Konsep Bergerak Bersama yang diusungnya selama ini, tambah Hendi, memberikan dampak positif terhadap pembangunan Kota seperti perubahan lingkungan kelurahan yang semula kumuh kini menjadi cantik melalui Kampung Tematik, perubahan sejumlah RTH seperti Taman Pandanaran, serta pembangunan Pasar Johar, dan alun-alun yang secara otomatis mampu merubah wajah kota secara signifikan.
Ketua Forum Kota Sehat Tia Hendrar Prihadi menambahkan bahwa Forum Kota Sehat telah dilaunching tahun 2014 guna menunjang rencana pembangunan daerah 2016 s.d. 2021 dengan mengusung Semarang Sehat, Cerdas, Tangguh, dan berdaya saing.

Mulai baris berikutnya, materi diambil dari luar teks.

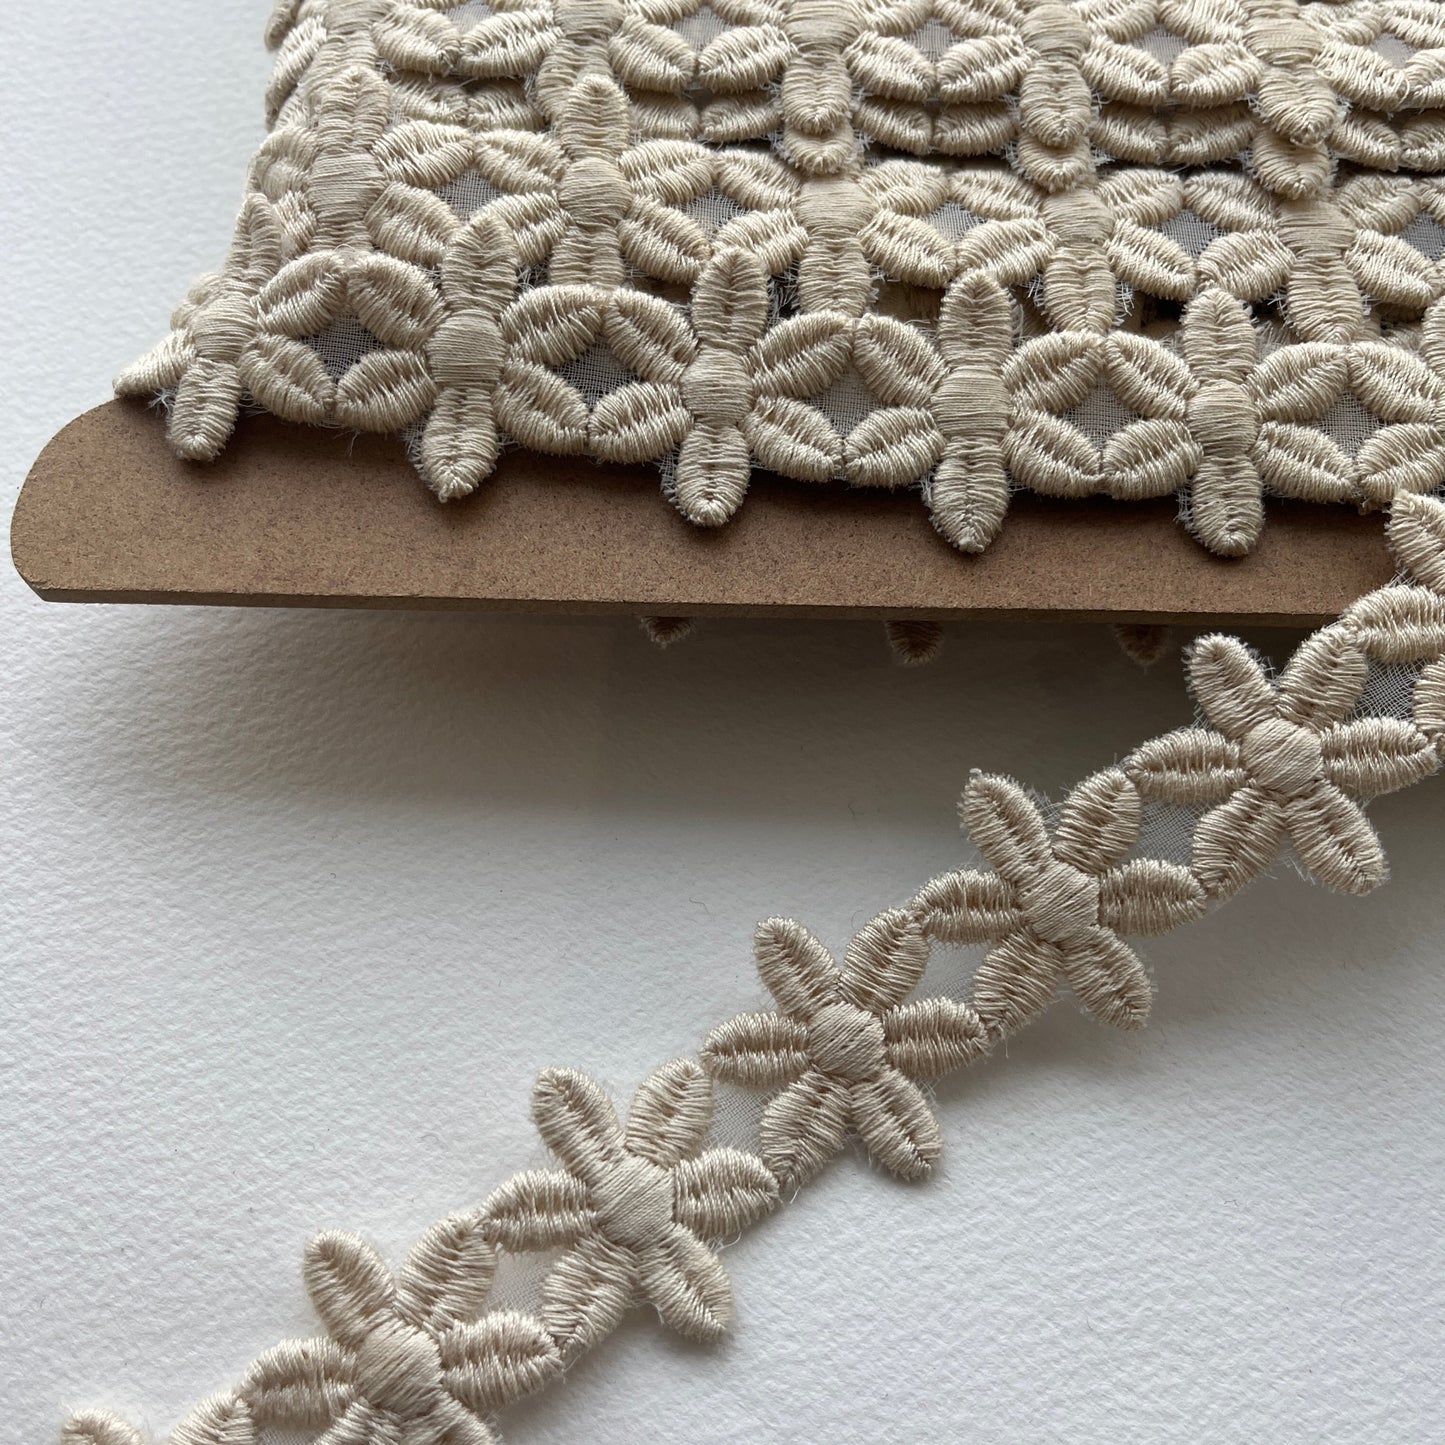 Vintage embroidered daisy chain lace edging trim. designer deadstock haberdashery - Kleins Haberdashery

Setelah memperoleh predikat Padapa pada tahun 2015 dan Wiwerda pada tahun 2017, saat ini Kota Semarang masuk ke tahap verifikasi untuk Swasti Saba Wistara 2019.
Kota Semarang telah dinyatakan lolos masuk ke dalam 7 kriteria tatanan, yaitu kawasan pemukiman, sarana dan prasarana umum, sarana lalu lintas tertib dan pelayanan transportasi, kawasan pertambangan sehat, kawasan pariwisata sehat, kawasan pangan dan gizi, kehidupan masyarakat yang sehat dan mandiri, serta kehidupan sosial yang sehat.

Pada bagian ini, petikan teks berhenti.